Fox’s choice to prioritize authorial certainty over coverage is a clear example of where that kind of game design collides with localization reality. When every line matters, every line in every language also has to matter, or the creator will hesitate to sign off.
Accessibility and global reach without the culture-war framing
It is easy for conversations about localization to slide into culture-war narratives about which regions “deserve” attention or whether creators are being deliberately exclusionary. Fox’s explanation points to a more grounded, less inflammatory truth.
Accessibility, in this context, is about resourcing and trust. How much time can a tiny team spend on languages its lead cannot read? How much does a creator feel obligated to personally endorse every translated joke? How do platform restrictions on fan patches leave some audiences more reliant on official work than others?
Localizations open doors for players with less English or Japanese proficiency, but they also cost years of cumulative labor to support over a game’s lifespan. That tension does not go away just because the developer is beloved and the fan demand is intense.

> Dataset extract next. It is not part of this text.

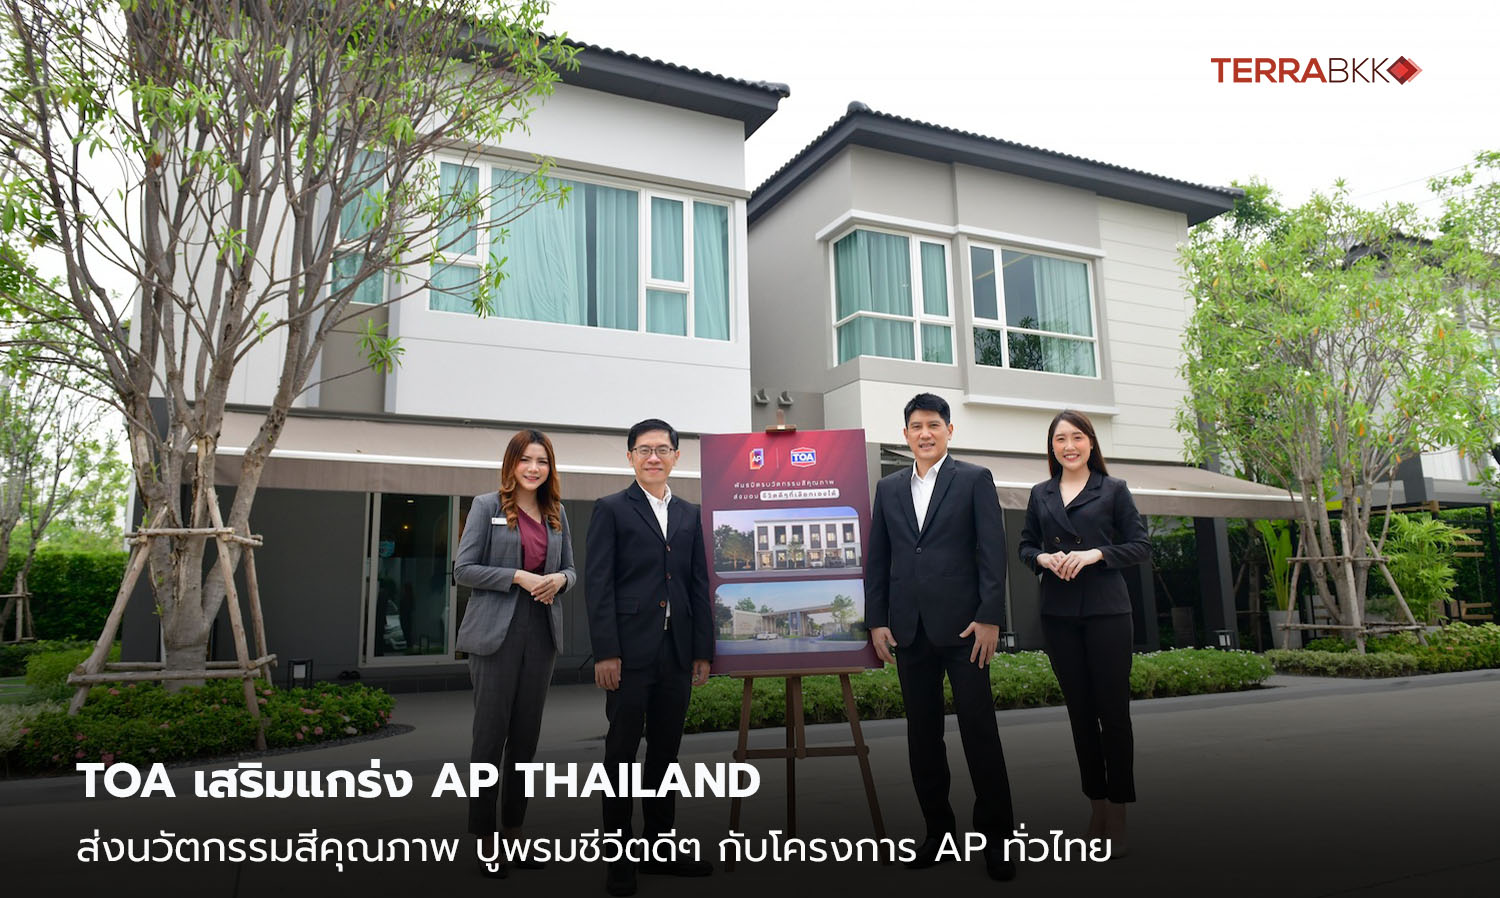 TOA เสริมแกร่ง AP THAILAND  ส่งนวัตกรรมสีคุณภาพ ปูพรมชีวีตดีๆ กับโครงการ AP ทั่วไทย

For indie auteurs, there are no perfect answers. Delegating more heavily to localization specialists can increase reach but asks the creator to relinquish some control. Staying tightly involved preserves the game’s voice but effectively caps how global that voice can be.
Undertale and Deltarune sit right on that fault line. Their influence, memes, and music travel easily across borders. Their words do not travel quite as freely, at least not with an official stamp.
What this means for future auteur-led indies
Fox’s situation is not unique, just unusually visible. As more solo or small-team projects blow up worldwide, they will run into the same choice point. Do they architect localization into the project from the start, build internal workflows, and accept looser personal control? Or do they follow the Undertale model, where a single person’s standards are the gatekeeper for each supported language?
Neither route is inherently right or wrong, but each carries consequences for who gets to comfortably experience the game.
For players, this is a reminder that even the most heartfelt indie masterpiece still operates under constraints of time, language, and human bandwidth. For developers, Undertale and Deltarune are a cautionary example of how much harder it is to retrofit localization practices once a game has already become a global hit.
Toby Fox is not rejecting his international audience. He is, perhaps stubbornly, protecting the integrity of a voice that made that audience fall in love with his work in the first place. The cost of that protection is clear for anyone waiting for official subtitles in their own language.
The conversation around Undertale and Deltarune’s translations is less about who is right and more about what is possible when one author tries to personally oversee every word heard around the world.